What this task involves => Please transcribe the data that follows without the pictures, keeping every word the same.

Recorded data =>
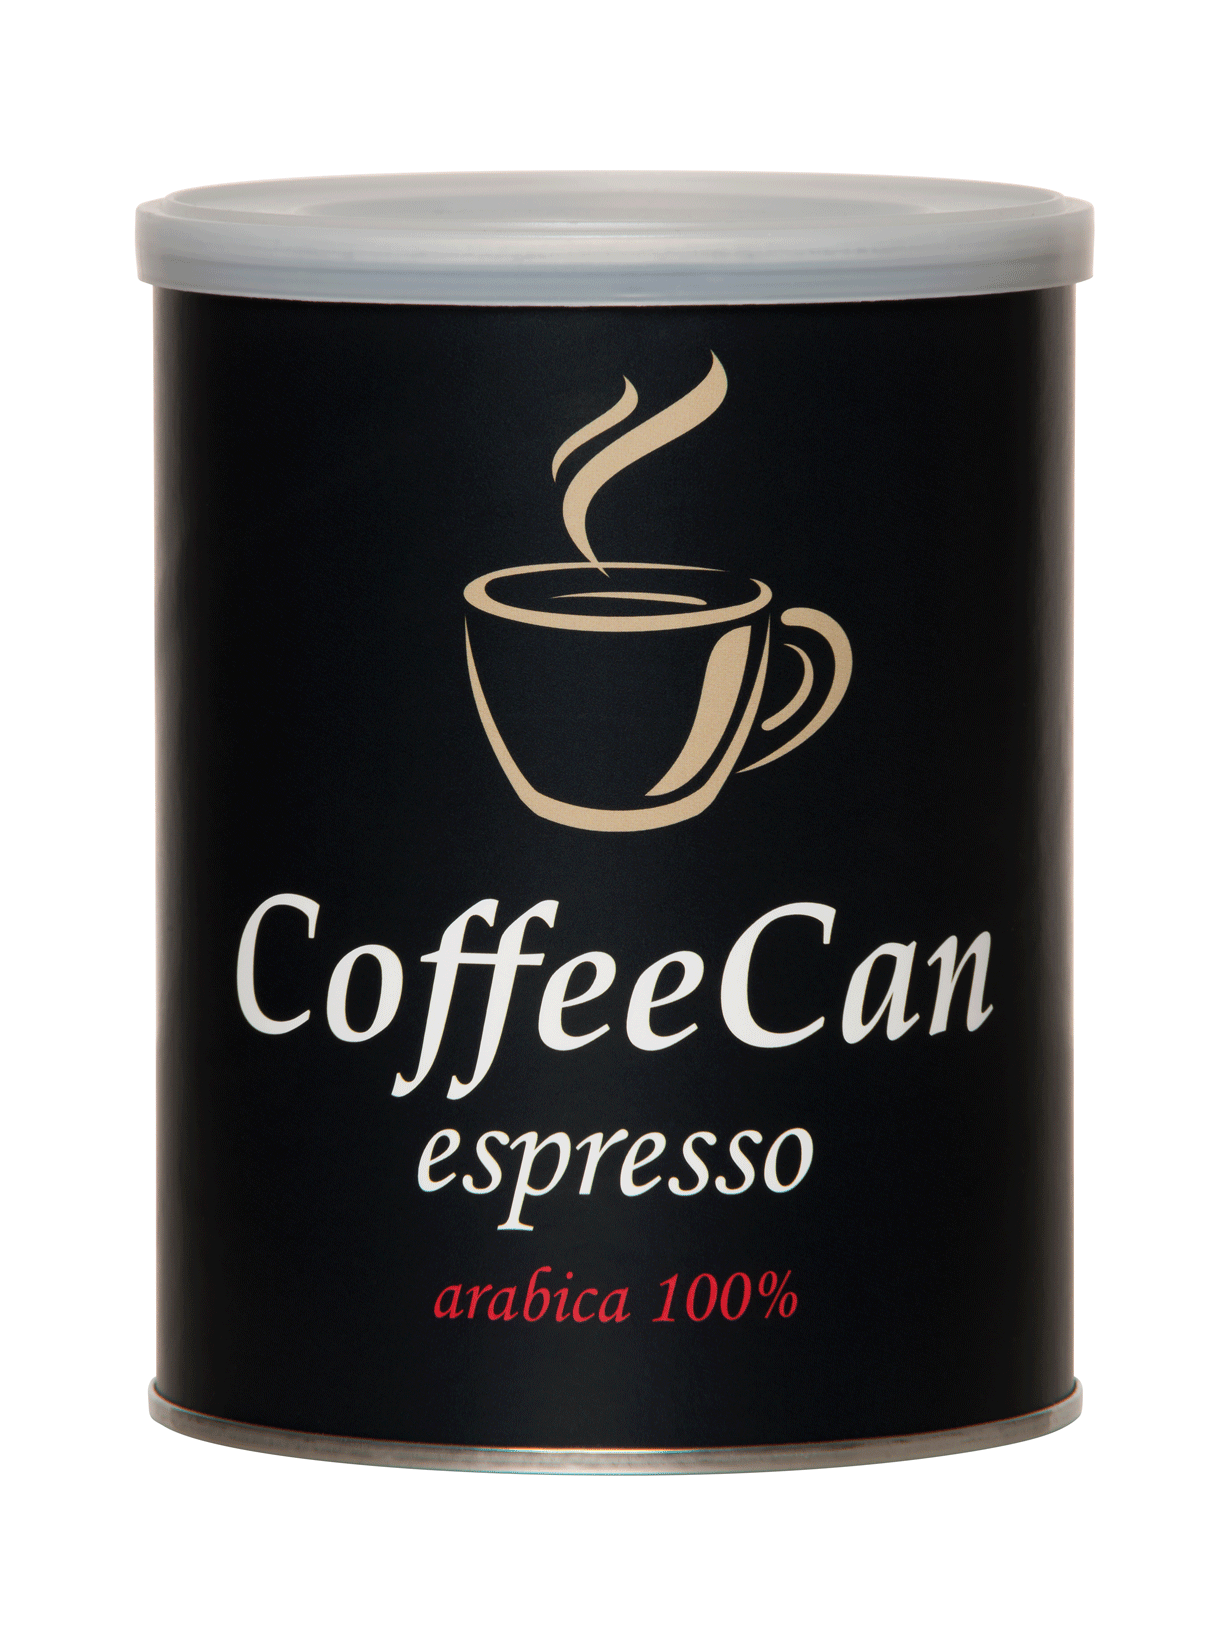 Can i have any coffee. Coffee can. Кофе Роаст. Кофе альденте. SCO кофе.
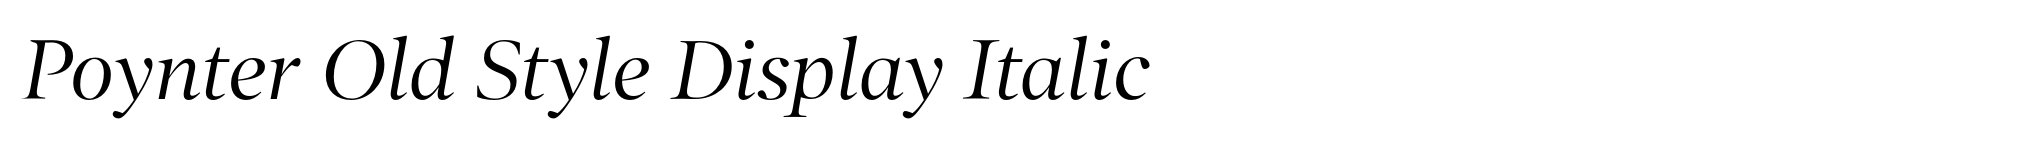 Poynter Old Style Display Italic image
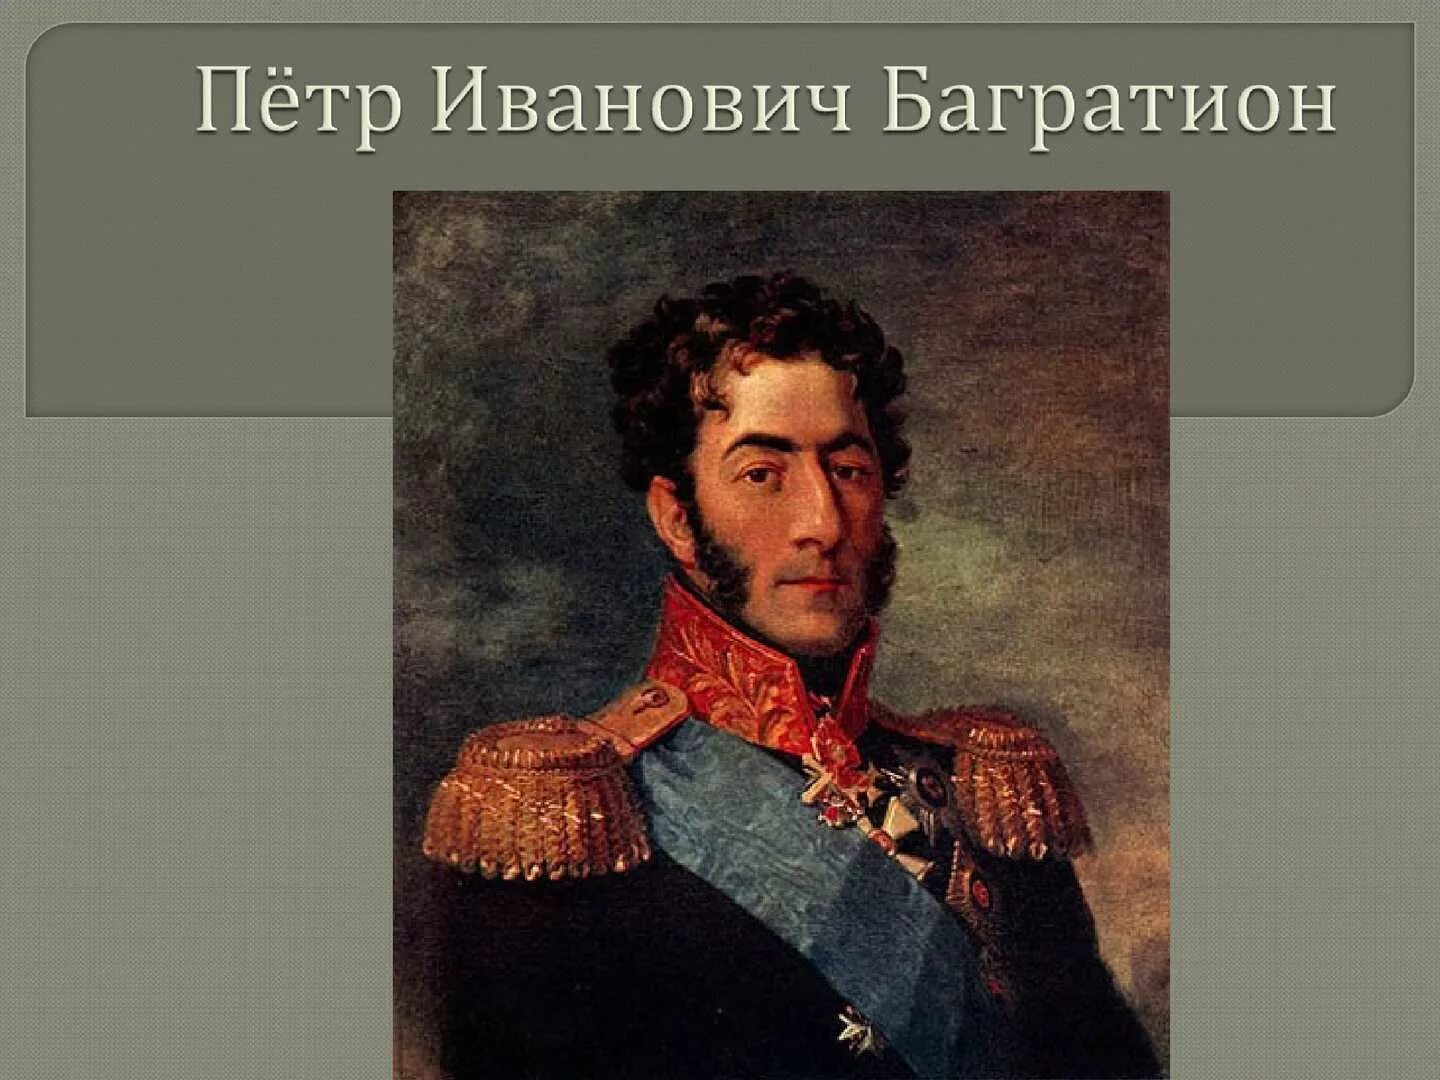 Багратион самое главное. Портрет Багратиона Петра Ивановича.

Response for this exercise =>
 Can i have any coffee. Coffee can. Кофе Роаст. Кофе альденте. SCO кофе.
 Poynter Old Style Display Italic image
 Багратион самое главное. Портрет Багратиона Петра Ивановича.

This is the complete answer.